The following sets forth several risk factors that may affect the Corporation's financial condition or results of operations.

Changes in interest rates could reduce our income, cash flows and asset values.
 
Our income and cash flows and the value of our assets depend to a great extent on the difference between the interest rates we earn on interest-earning assets, such as loans and investment securities, and the interest rates we pay on interest-bearing liabilities such as deposits and borrowings.  These rates are highly sensitive to many factors which are beyond our control, including general economic conditions and policies of various governmental and regulatory agencies and, in particular, the Board of Governors of the Federal Reserve System. Changes in monetary policy, including changes in interest rates, will influence not only the interest we receive on our loans and investment securities and the amount of interest we pay on deposits and borrowings but will also affect our ability to originate loans and obtain deposits and the value of our investment portfolio.  If the rate of interest we pay on our deposits and other borrowings increases more than the rate of interest we earn on our loans and other investments, our net interest income, and therefore our earnings, could be adversely affected.  Our earnings also could be adversely affected if the rates on our loans and other investments fall more quickly than those on our deposits and other borrowings.





9


Economic conditions either nationally or locally in areas in which our operations are concentrated may adversely affect our business.

Deterioration in local, regional, national, or global economic conditions could cause us to experience a reduction in deposits and new loans, an increase in the number of borrowers who default on their loans, and a reduction in the value of the collateral securing their loans, all of which could adversely affect our performance and financial condition. Unlike larger banks that are more geographically diversified, we provide banking and financial services locally.

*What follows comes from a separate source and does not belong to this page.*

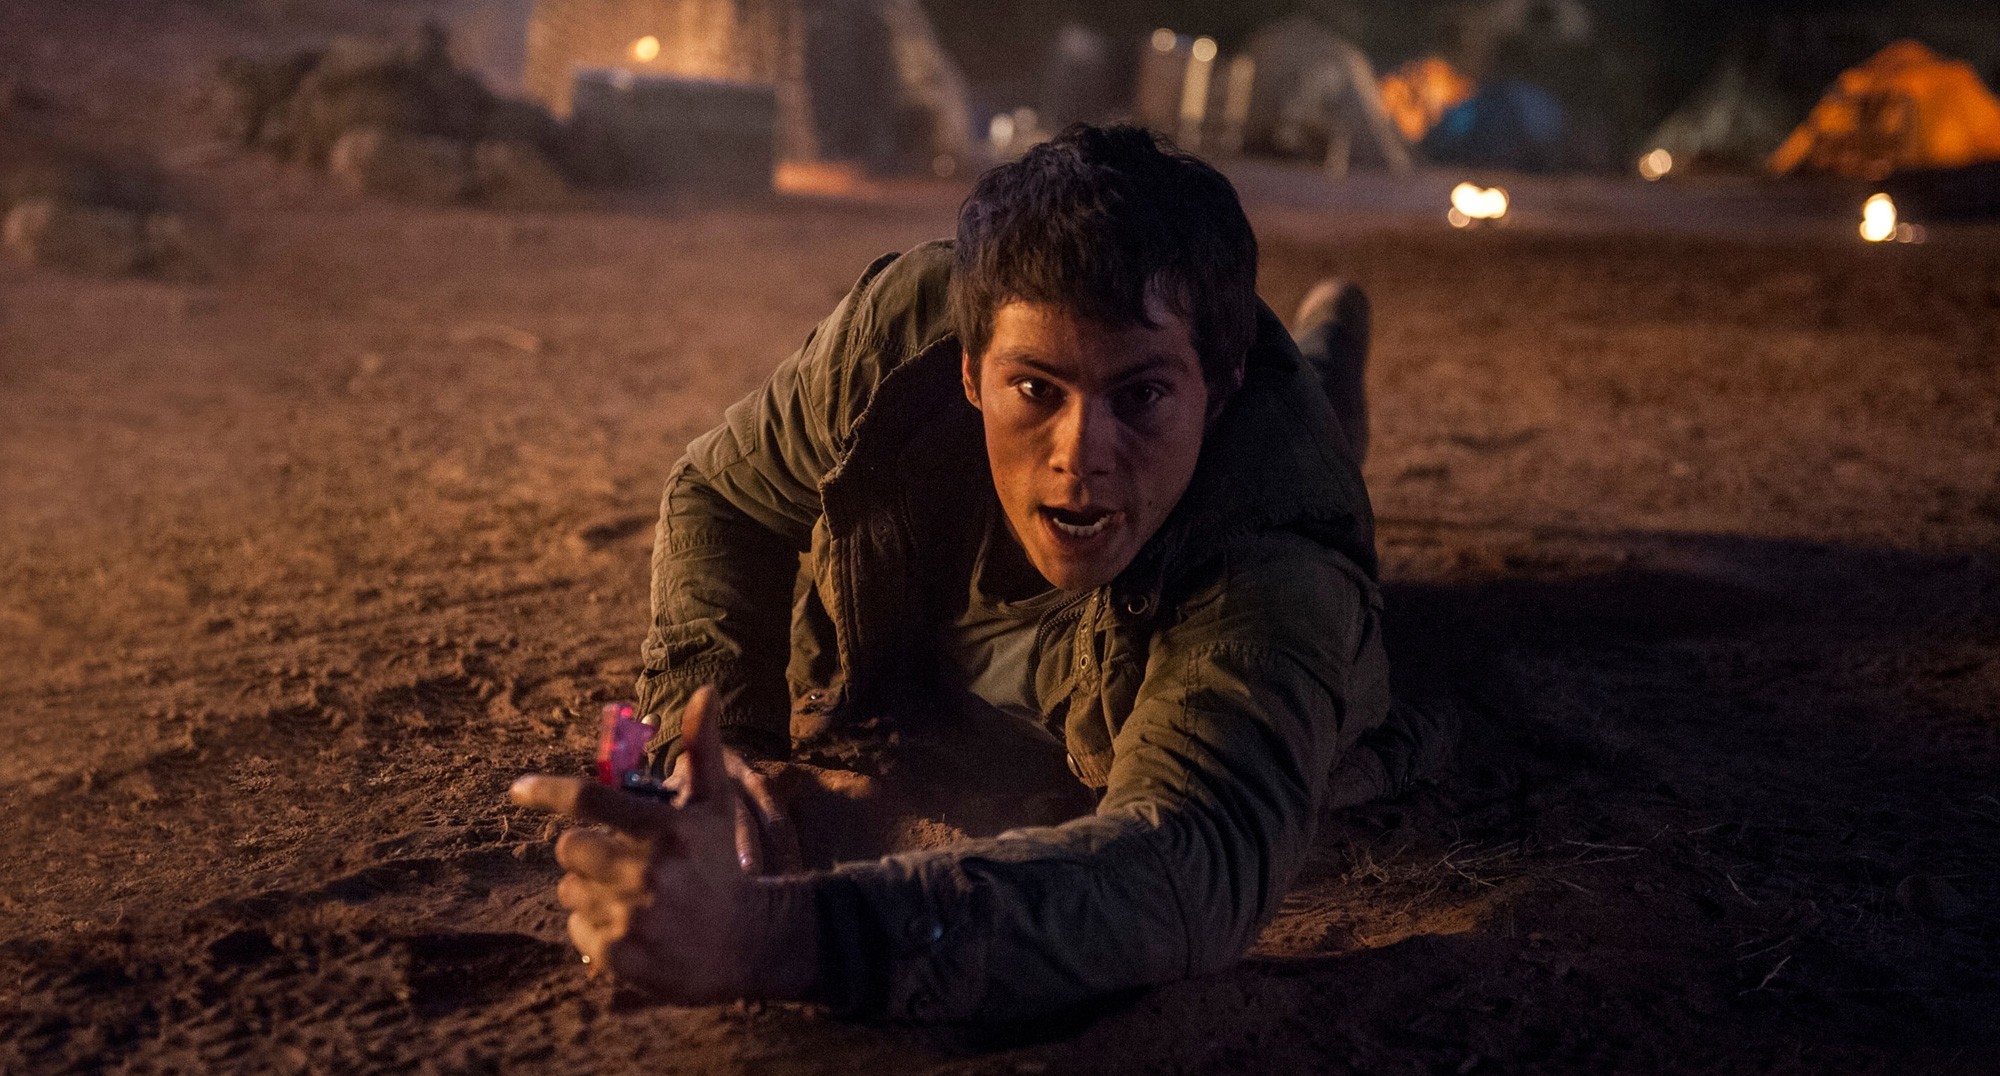 scorchtrials-6-gallery-image.jpg

Therefore, we are particularly vulnerable to adverse local economic conditions.

Our financial condition and results of operations would be adversely affected if our allowance for loan losses is not sufficient to absorb actual losses or if we are required to increase our allowance.

Despite our underwriting criteria, we may experience loan delinquencies and losses.  In order to absorb losses associated with nonperforming loans, we maintain an allowance for loan losses based on, among other things, historical experience, an evaluation of economic conditions, and regular reviews of delinquencies and loan portfolio quality.  Determination of the allowance inherently involves a high degree of subjectivity and requires us to make significant estimates of current credit risks and future trends, all of which may undergo material changes.  At any time there are likely to be loans in our portfolio that will result in losses but that have not been identified as nonperforming or potential problem credits. We cannot be sure that we will be able to identify deteriorating credits before they become nonperforming assets or that we will be able to limit losses on those loans that are identified. We may be required to increase our allowance for loan losses for any of several reasons.  Federal regulators, in reviewing our loan portfolio as part of a regulatory examination, may request that we increase our allowance for loan losses.  Changes in economic conditions affecting borrowers, new information regarding existing loans, identification of additional problem loans and other factors, both within and outside of our control, may require an increase in our allowance.  In addition, if charge-offs in future periods exceed our allowance for loan losses, we will need additional increases in our allowance for loan losses.  Any increases in our allowance for loan losses will result in a decrease in our net income and, possibly, our capital, and may materially affect our results of operations in the period in which the allowance is increased.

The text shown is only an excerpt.